The following two are false positives, but the fixes provided includes changes that should cause Coverity to stop reporting the problem.

> Error: RESOURCE_LEAK (CWE-772):
> open-vm-tools-11.1.5-16724464/libvmtools/vmtoolsLog.c:2450: alloc_fn: Storage is returned from allocation function "g_strjoin".
> open-vm-tools-11.1.5-16724464/libvmtools/vmtoolsLog.c:2450: var_assign: Assigning: "userLogTemp" = storage returned from "g_strjoin(appendString, *tokens, " ", NULL)".
> open-vm-tools-11.1.5-16724464/libvmtools/vmtoolsLog.c:2451: noescape: Resource "userLogTemp" is not freed or pointed-to in "g_strchomp".
> open-vm-tools-11.1.5-16724464/libvmtools/vmtoolsLog.c:2451: overwrite_var: Overwriting "userLogTemp" in "userLogTemp = g_strchomp(userLogTemp)" leaks the storage that "userLogTemp" points to.
> # 2449|      if (tokens != NULL && *tokens != NULL){
> # 2450|         userLogTemp = g_strjoin(appendString, *tokens, " ", NULL);
> # 2451|->       userLogTemp = g_strchomp (userLogTemp);
> # 2452|         if (*(tokens+1) != NULL){
> # 2453|            gchar *userLog;
>  

g_strchomp just returns its argument, so the value of userLogTemp is not changed by line 2451.  However, the code has been modified to discard the return value from g_strchomp, which should stop the issue from being reported  and also makes this use of g_strchomp consistent with other uses in this file.


> Error: RESOURCE_LEAK (CWE-772):
> open-vm-tools-11.1.5-16724464/vgauth/lib/proto.c:803: alloc_fn: Storage is returned from allocation function "g_strndup".
> open-vm-tools-11.1.5-16724464/vgauth/lib/proto.c:803: var_assign: Assigning: "val" = storage returned from "g_strndup(text, textSize)".
> open-vm-tools-11.1.5-16724464/vgauth/lib/proto.c:1011: noescape: Assuming resource "val" is not freed or pointed-to as ellipsis argument to "g_log".
> open-vm-tools-11.1.5-16724464/vgauth/lib/proto.c:1011: noescape: Resource "val" is not freed or pointed-to in "g_log".
> open-vm-tools-11.1.5-16724464/vgauth/lib/proto.c:1015: leaked_storage: Variable "val" going out of scope leaks the storage it points to.
> # 1013|         ASSERT(0);
> # 1014|      }
> # 1015|-> }
> # 1016|   
> # 1017|   

ASSERT(0) is an indicator this code path is never executed.  However a call to g_free has been inserted before the ASSERT, which should stop the issue from being reported and also prevent any memory leak if for some reason this path is executed.

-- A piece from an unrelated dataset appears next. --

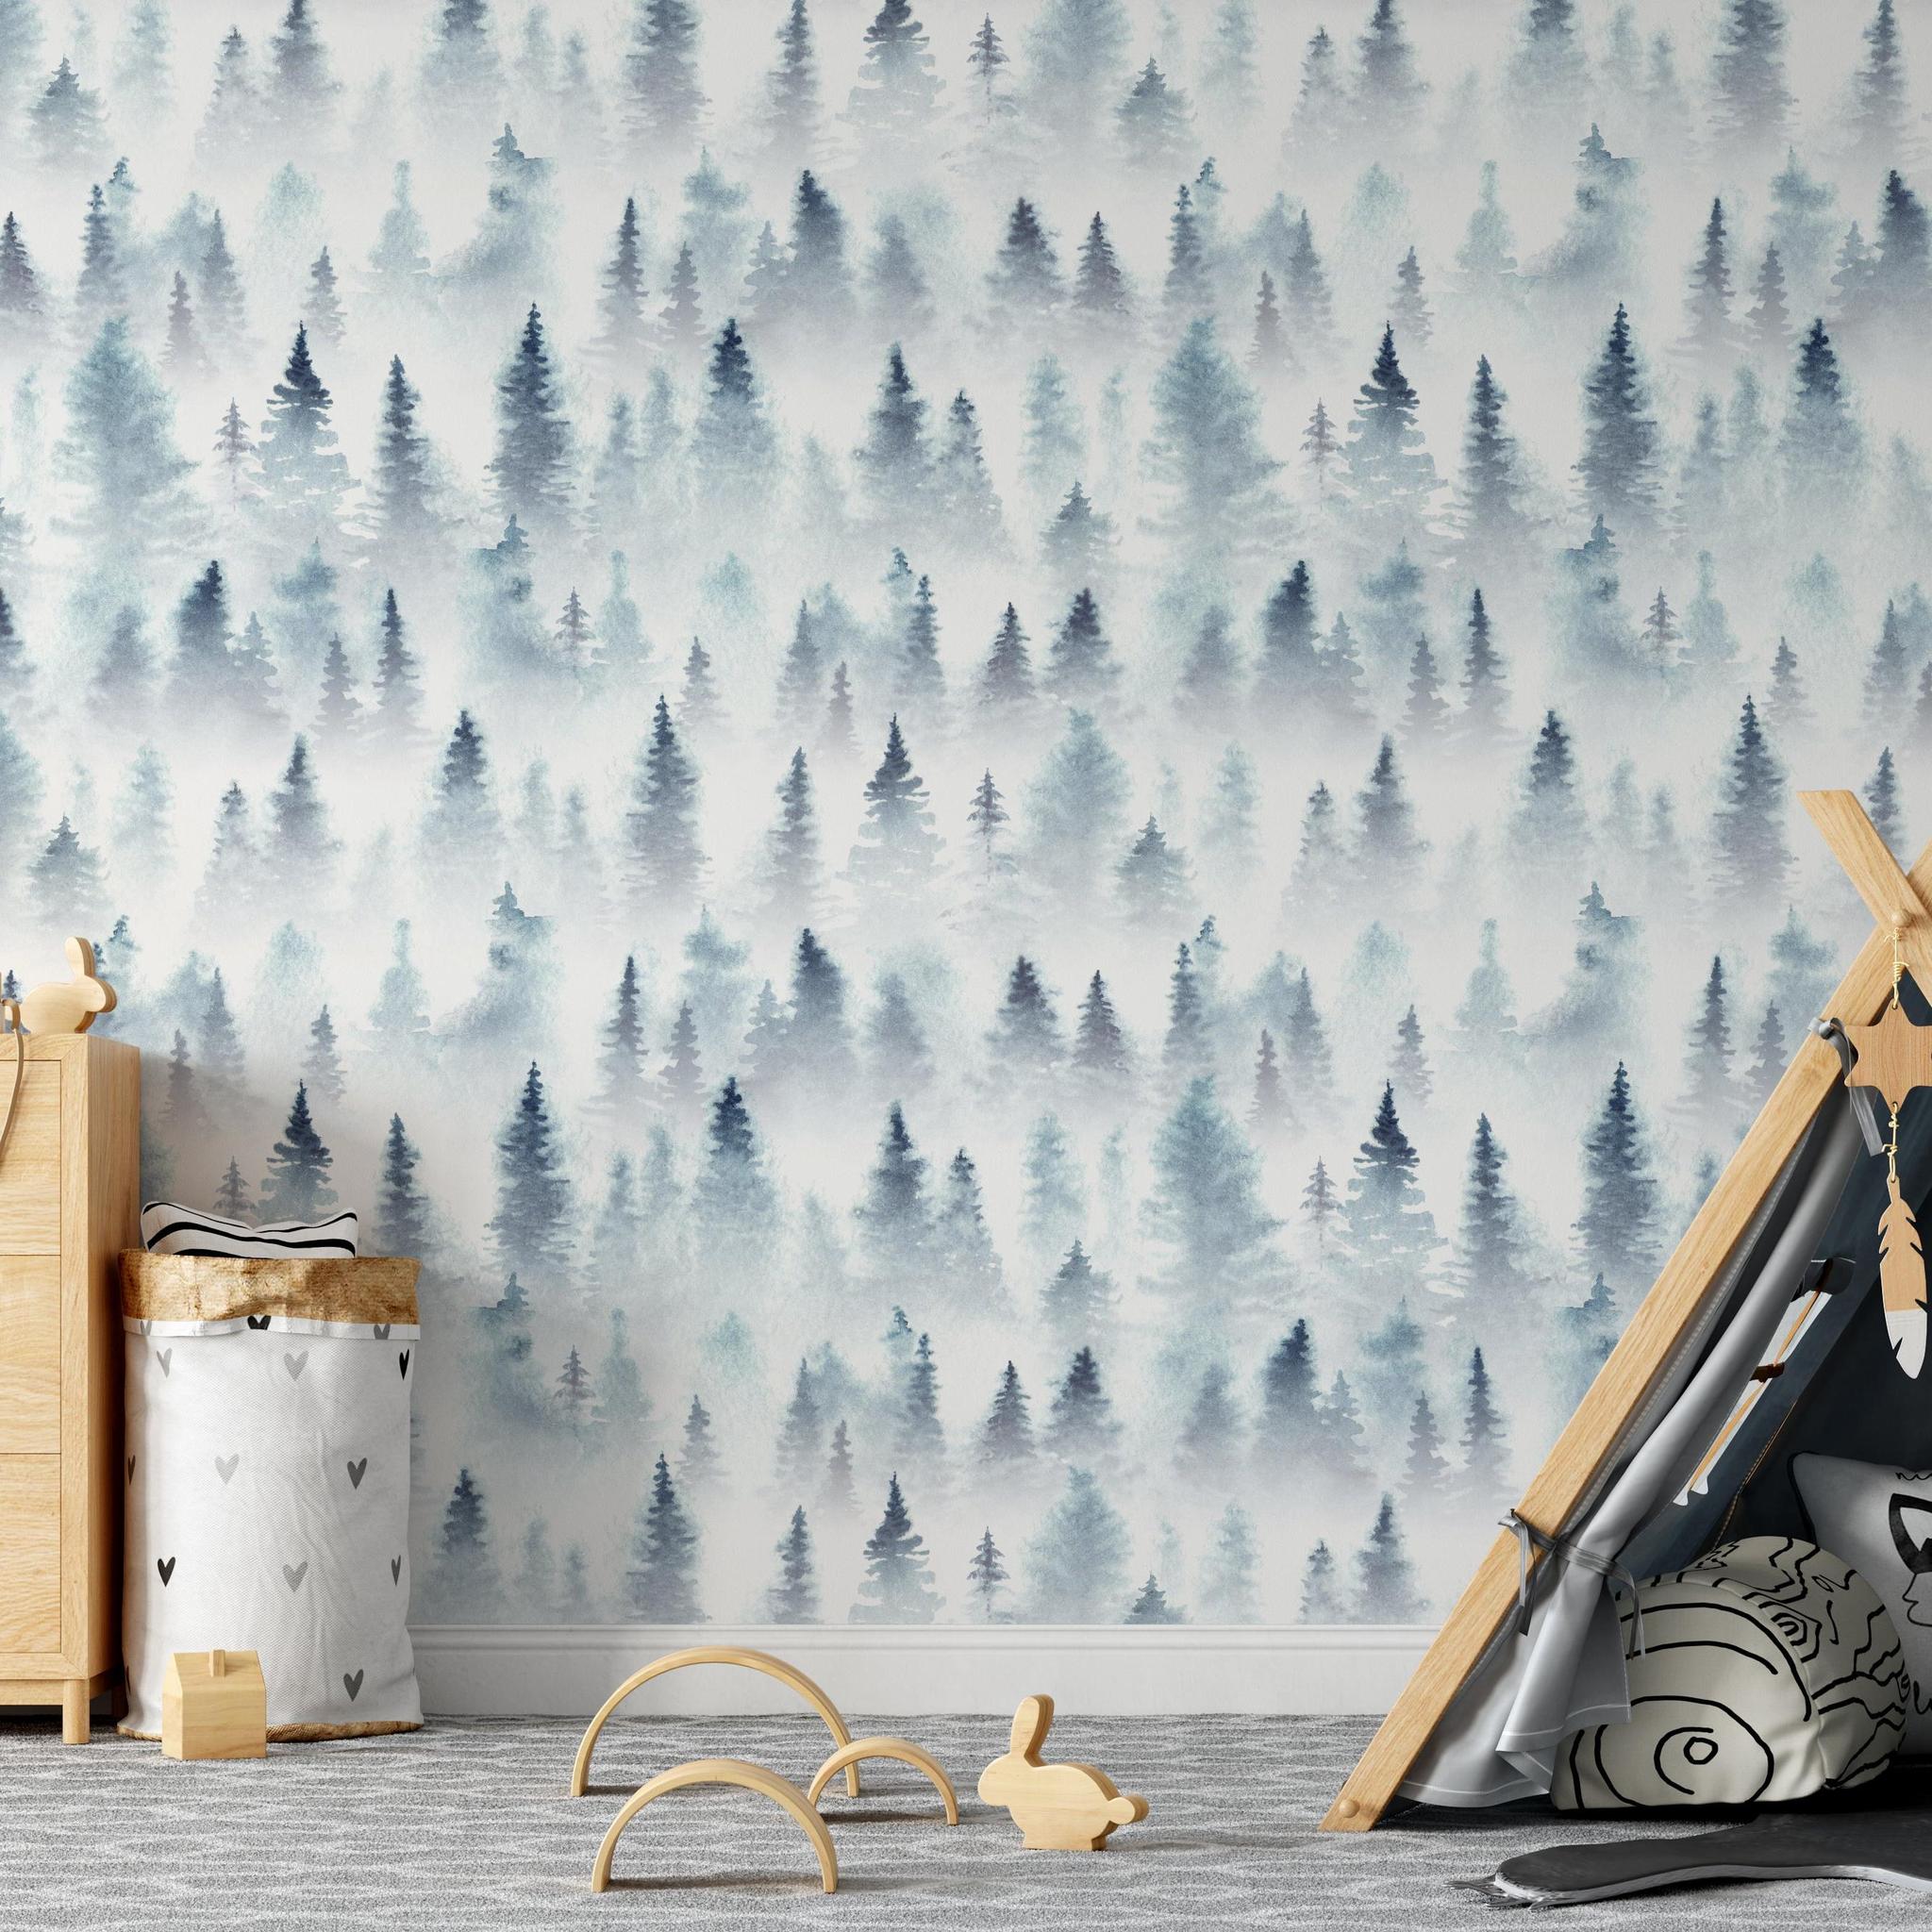 Wanderer Wallpaper by Wall Blush with a forest design in a stylish kids' room, highlighting cozy decor accents.

The other seven issues have been fixed.

Let me know how your new scan turns out and whether you run into further problems.

Regards,

Jonathan
Comment 2 Cathy Avery 2020-10-28 12:36:25 UTC 
Great! So commit e18e67f727d0354b08a55b685178fd05f542c6da contains all the fixes.

Thanks,

Cathy
Comment 3 Cathy Avery 2020-12-06 18:41:35 UTC 
We have decided to use 11.2.0 for RHEL8.4 and not 11.1.5 so closing.